Thursday, 22 June 2017

Bills

Productivity Commission Amendment (Addressing Inequality) Bill 2017; Second Reading

11:27 am

Photo of David LeyonhjelmDavid Leyonhjelm (NSW, Liberal Democratic Party) Share this | Hansard source

I rise to oppose Labor's Productivity Commission Amendment (Addressing Inequality) Bill 2017. This bill would require the Productivity Commission to prepare five-yearly reports on the effects of inequality. A saving grace of this is that this requirement is not loaded with an assumption that inequality is bad and the government should counter inequality. The Productivity Commission would hopefully measure the things that matter to people, how equally these things are distributed and the effect of this distribution.
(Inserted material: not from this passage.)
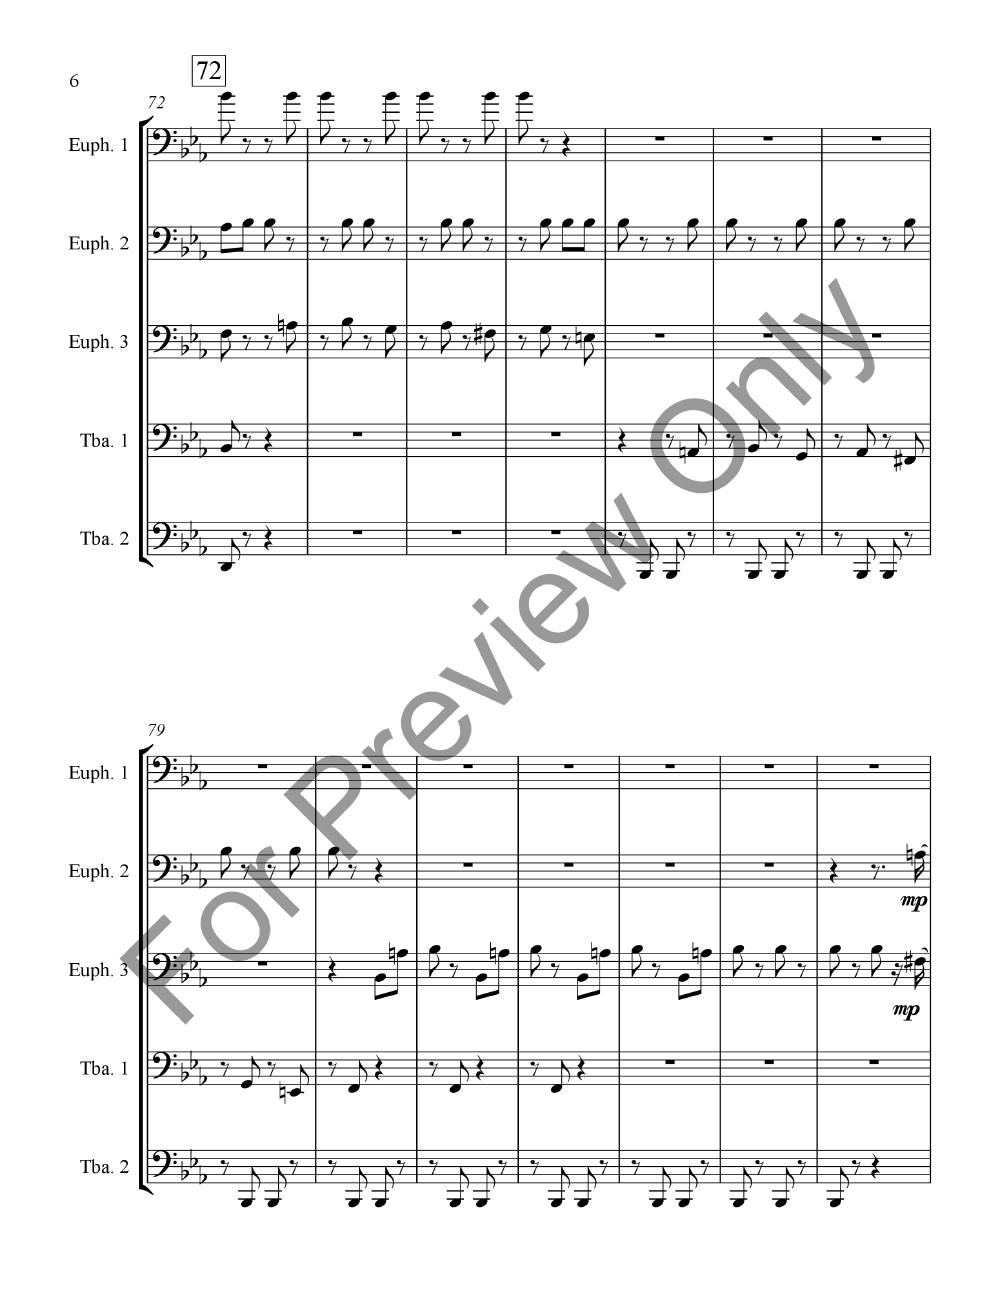 Serenade for Strings Movement 5 Thumbnail

Some people want more money, more goods and services and more assets, so the commission would measure inequality in these things and assess the effects of such inequality. But consumption is not all that matters to people. Inequality is found in many areas of life. Some people at death's door just want to survive, while others with poor health just want to be able to enjoy everyday life. The lonely among us long for friends, meaningful relationships and family. Many yearn to have children. Some people long to find meaningful employment and have fulfilling careers. Some people are tired of carrying the tax burden for others. Some just want a bit of respect. Some people have a spiritual gap in their lives and some people wish they were better looking or still had hair on their heads. Good luck to the Productivity Commission if it has to measure and assess inequality with respect to all of this. Given the problems confronting the governments of Australia, this exercise does not strike me as the best use of the Productivity Commission's time.

However, the critical component of the bill before the Senate today is a requirement on the Productivity Commission, in performance of all its functions, to have regard to the need 'to mitigate the negative effects of inequality on the Australian economy and the Australian community.' This requires the commission to accept, before it has done any investigation, that inequality has negative effects that should be mitigated. This undermines the usefulness of having an organisation where staff are tasked to gather evidence and come to their own conclusions.
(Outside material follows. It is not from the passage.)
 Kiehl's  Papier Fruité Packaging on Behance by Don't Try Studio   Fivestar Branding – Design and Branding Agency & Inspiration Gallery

As it happens, inequality does have negative effects, namely: envy. But the moral thing for the government in response to this envy is to do nothing. The role of government should not be to do whatever the median voter wants, which could very well be to seize the property of the minority. The role of government is to protect life, liberty and property and, more broadly, to do other beneficial things that businesses cannot profitably provide due to free riding. In other words, liberty should trump democracy. This is in the long-term interests of Australians, including the median voter.

Currently the bipartisan obsession with spending other people's money has us on a slow path to self-destruction. I urge parliamentarians, whenever they are thinking about spending more of other people's money, to consider what Australia will look like in decades ahead if such behaviour were to continue. Equality in poverty is not something we should aspire to.